In a board resolution officially adopting the name change, trustees announced UA plans to display a plaque in the location where Morgan's portrait once hung inside the hall. The plaque will feature the following language:

"In 1910, at this building’s dedication, the University of Alabama’s Board of Trustees named it Morgan Hall, for John Tyler Morgan of Selma. A longtime state political leader, Morgan had died three years earlier, but had served as one of Alabama’s U.S. Senators for the last thirty years of his life.

As a Senator, Morgan rendered the University a vital service in a time of need. In 1884, he successfully lobbied Congress for a federal land grant of 46,080 acres to compensate for University buildings burned by Union troops almost twenty years earlier, in the closing weeks of the Civil War. Until that grant, for almost two decades after the war, the University had struggled to survive financially. Revenue from leases and sales of this land funded the construction of at least five new buildings and other major campus improvements. It helped the University regain a more solid financial footing on which it would continue to build. Lease revenues still benefit the University today, and the University continues to be grateful for Senator Morgan’s efforts on its behalf.

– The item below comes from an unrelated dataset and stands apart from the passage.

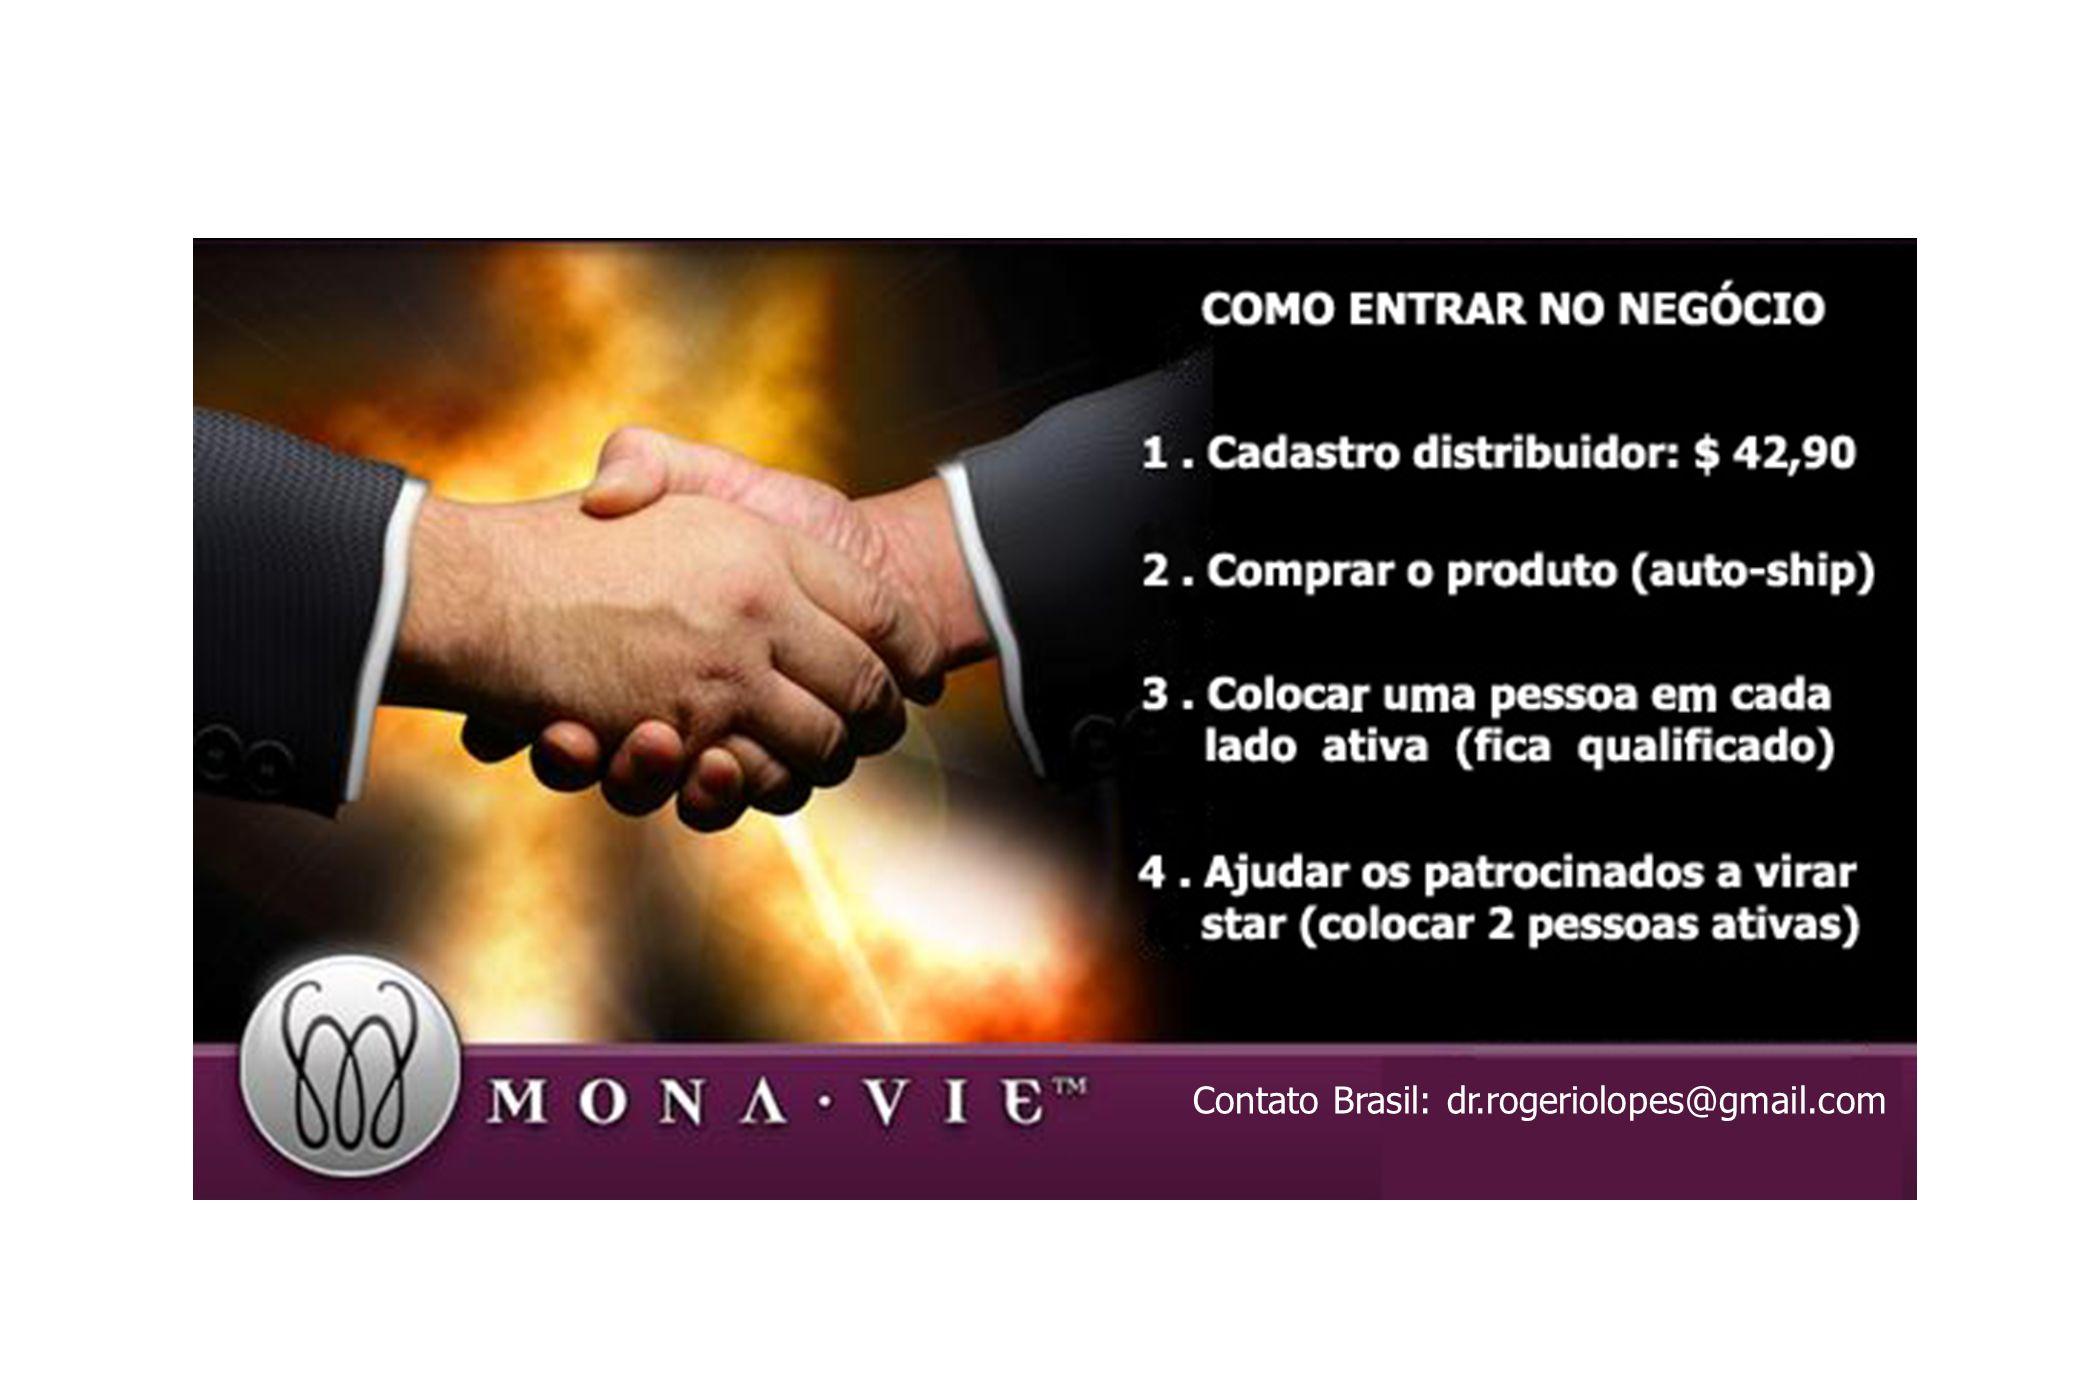 CARTÃO MONAVIE Contato Brasil: dr.rogeriolopes@gmail.com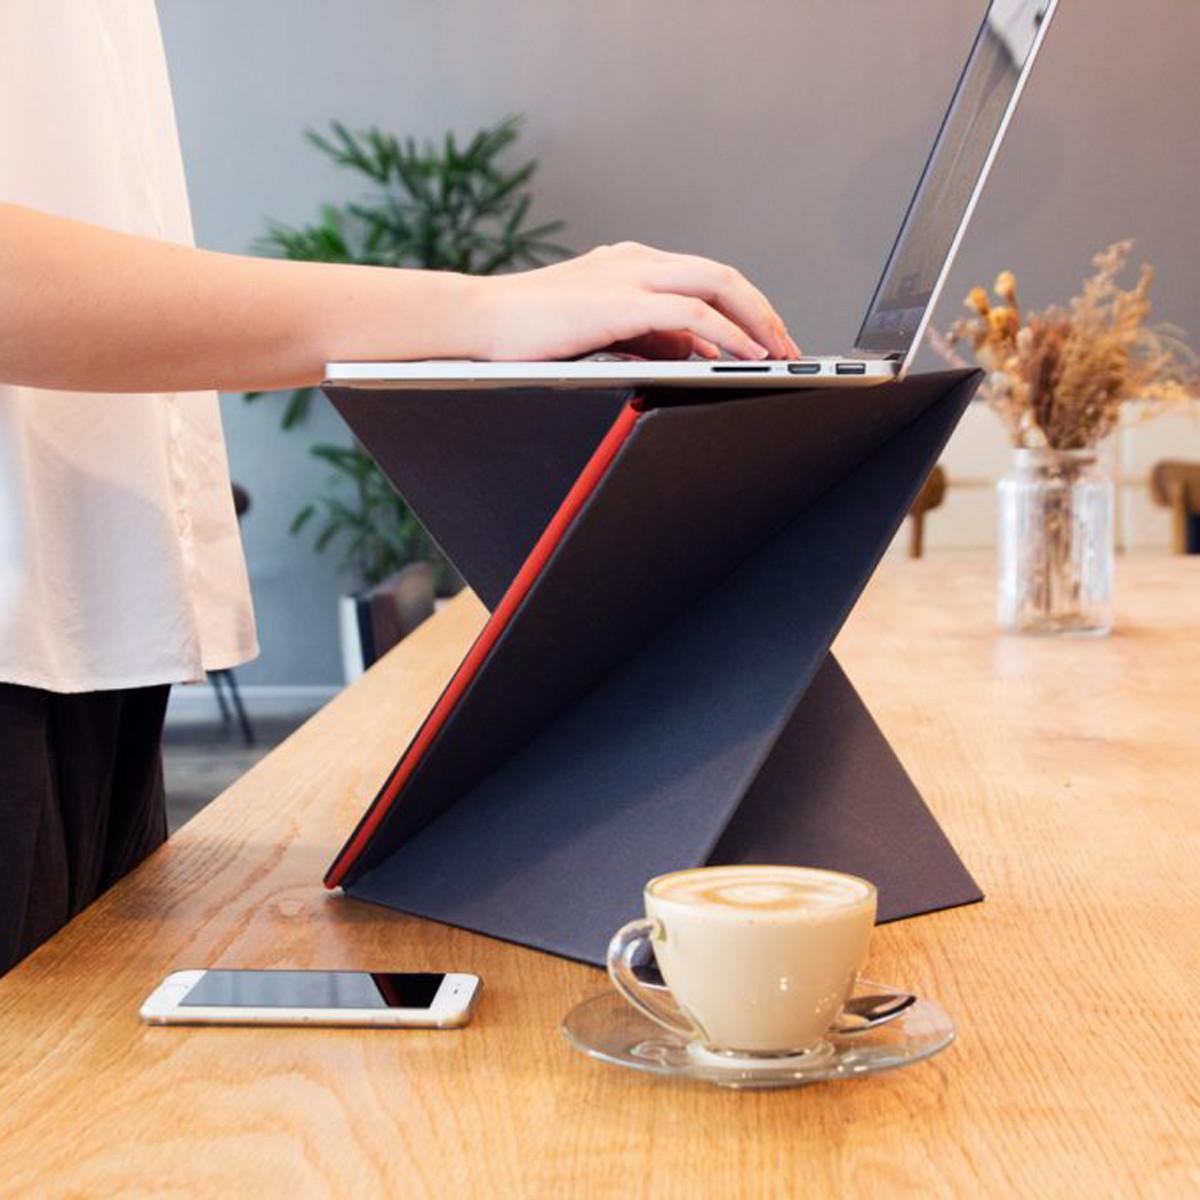 携帯できるスタンディングデスク|畳んでひねれば、ボードがデスクに早変わり

Senator Morgan was, however, also an ardent white supremacist. He led Alabama in suppressing the rights of African Americans and denying them full citizenship, and these efforts were a core element of his work for half a century. Senator Morgan defended slavery before the Civil War, advocated secession from the Union to protect slavery, led in restoring white control after the Civil War, and helped establish the system of racial segregation. His harsh actions and strident words contributed to decades of racial injustice in Alabama and the United States.

Because these actions conflict so profoundly with the current values of the University of Alabama System, the Board of Trustees voted on September 17, 2020, to remove Senator Morgan’s name from the building. The Board also called for the placement of this plaque to explain the reasons both for the University’s gratitude to Senator Morgan and for the decision to change the building’s name.